Sweet scones for Wimbledon

8 Jul

So, rain delayed play in the Federer v Murray final this afternoon. And I decided it was probably a good time to make some scones, so there would be scones and strawberry jam with a nice cup of Earl Grey tea to help us get through to the end of the game.

Apologies that this is partially metric and partially old school. But it’s just how it is.

Sweet scones

  • 300g plain flour
  • 1 heaped tsp baking powder
  • 2oz cold butter
  • 1 egg
  • 130ml milk
  • another egg and a slurp of milk to make an eggwash
  • a couple of TBsps granulated sugar
Preheat oven to Gas Mark 9, or as hot as you can get in whatever oven you own
  1. Sift the flour and baking powder together in a nice big wide bowl
  2. Cut the cold butter into it, in wee chunks
  3. Using your fingertips, rub the butter into the flour till it resembles sand.
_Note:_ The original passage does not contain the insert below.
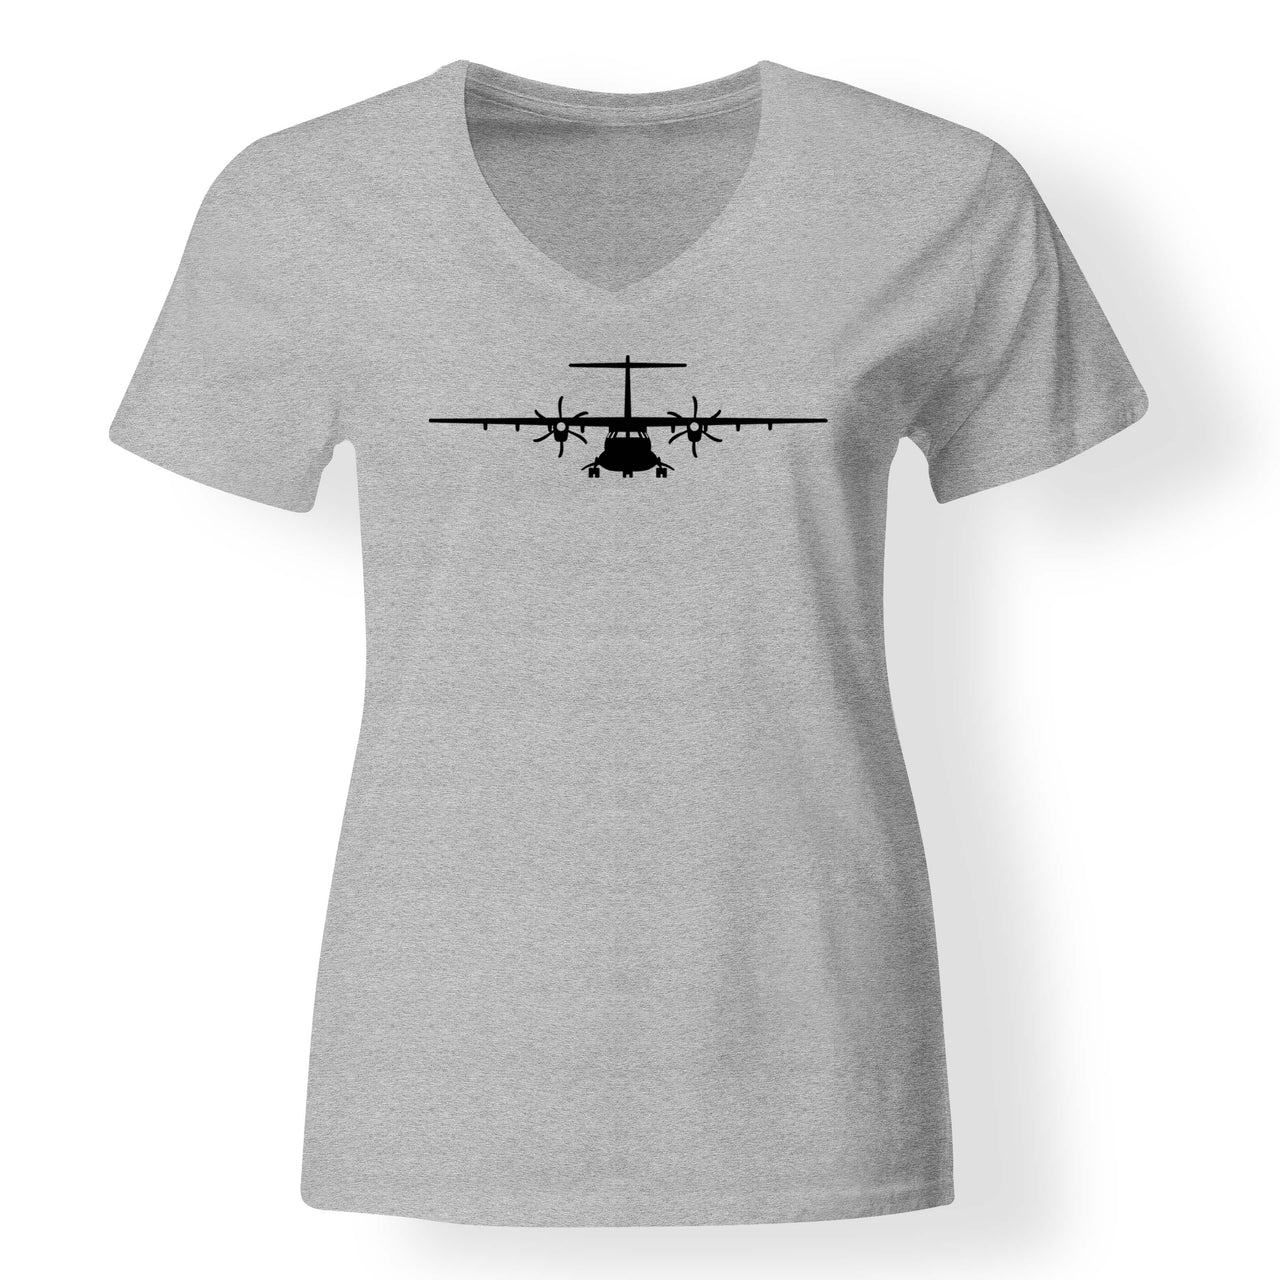 ATR-72 Silhouette Designed V-Neck T-Shirts
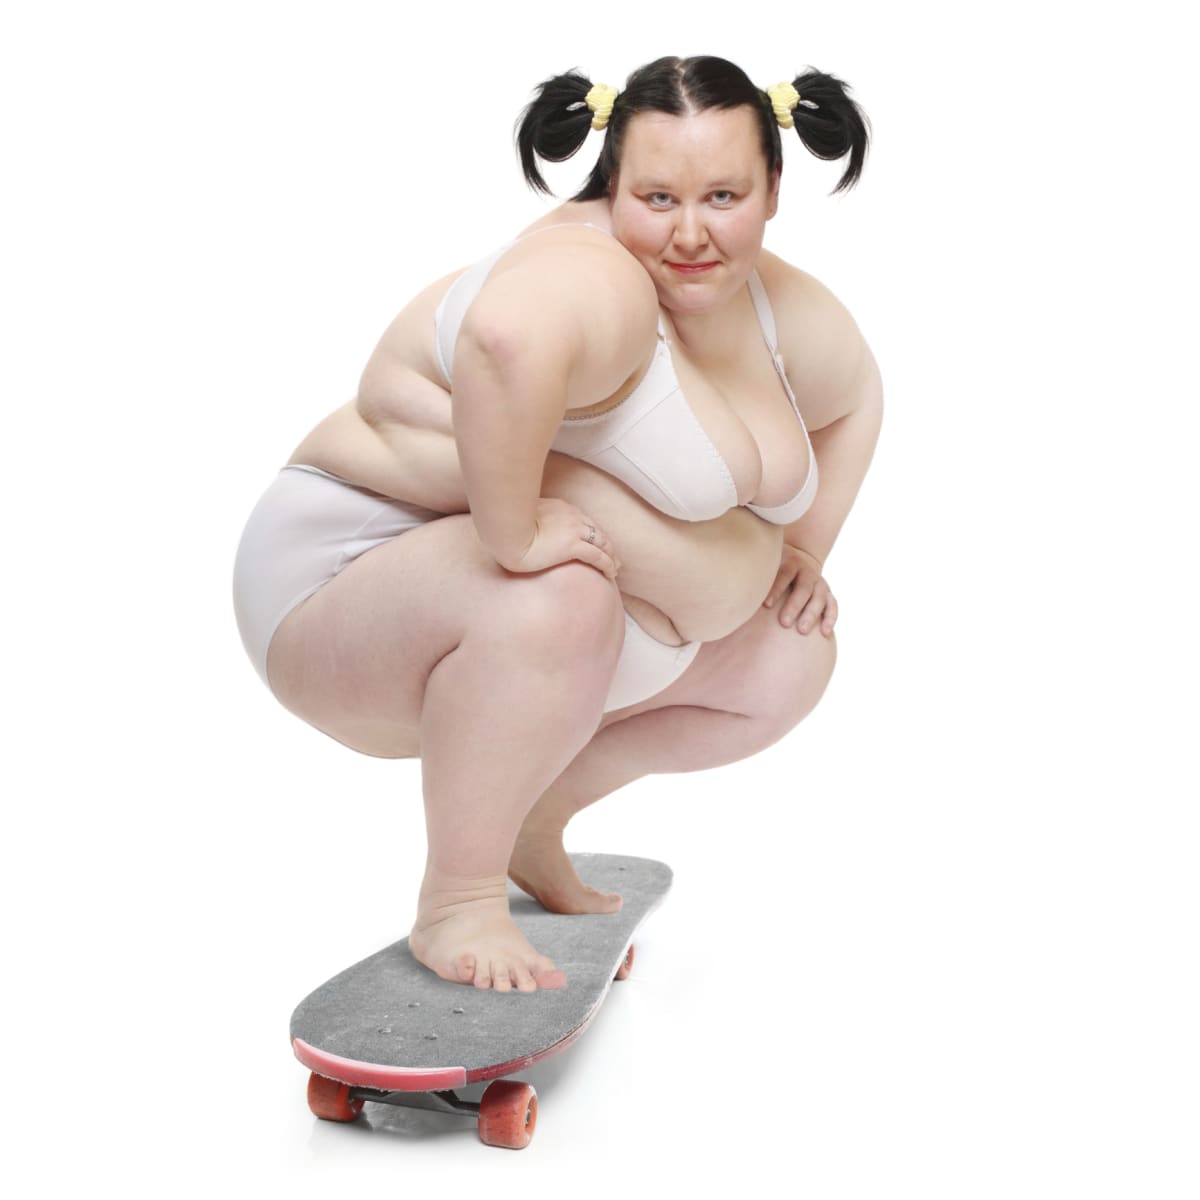 Obézní ženy mají větší problémy než obézní muži

As you rub in the butter lift the mixture up high, and let it fall through your fingers, getting lots of air into the mixture
  4. Now make a well in the centre of the mixture
  5. In a separate bowl, whisk together the egg and the milk, then pour the combined mixture into the well 
  6. Now you’re going to get your hands dirty. Make your fingers ‘stiff’ so your hand is like a wee shovel and use your hand to quickly mix all the ingredients together
  7. Once they are all combined stop mixing and go and wash and dry your hands
  8. Sprinkle flour on a board, and tip out the scone dough
  9. With your hands bring the dough together into a neat round, about 1.5″ thick
  10. Use a cutter to cut into rounds and set aside
  11. Whisk together the egg and milk for the egg wash and put the sugar in a bowl
  12. Brush the eggwash on each scone and then dip their tops into the sugar to give them a scrunchy sugary top
  13. Place spaced a wee bit apart on a baking sheet 
  14. Bake for 10 – 12 minutes
Eat warm with butter and homemade strawberry jam. Or that tasty gooseberry and elderflower jam I made last weekend… Or clotted cream and blackcurrant jelly. Or rhubarb compote with whisked cream. Or perhaps some lemon curd and a mini scoop of vanilla icecream.
And if you don’t eat them all straight way then pop them in the freezer. They’ll only need about 20 – 40seconds in the microwave to defrost and reheat them. Delumptious.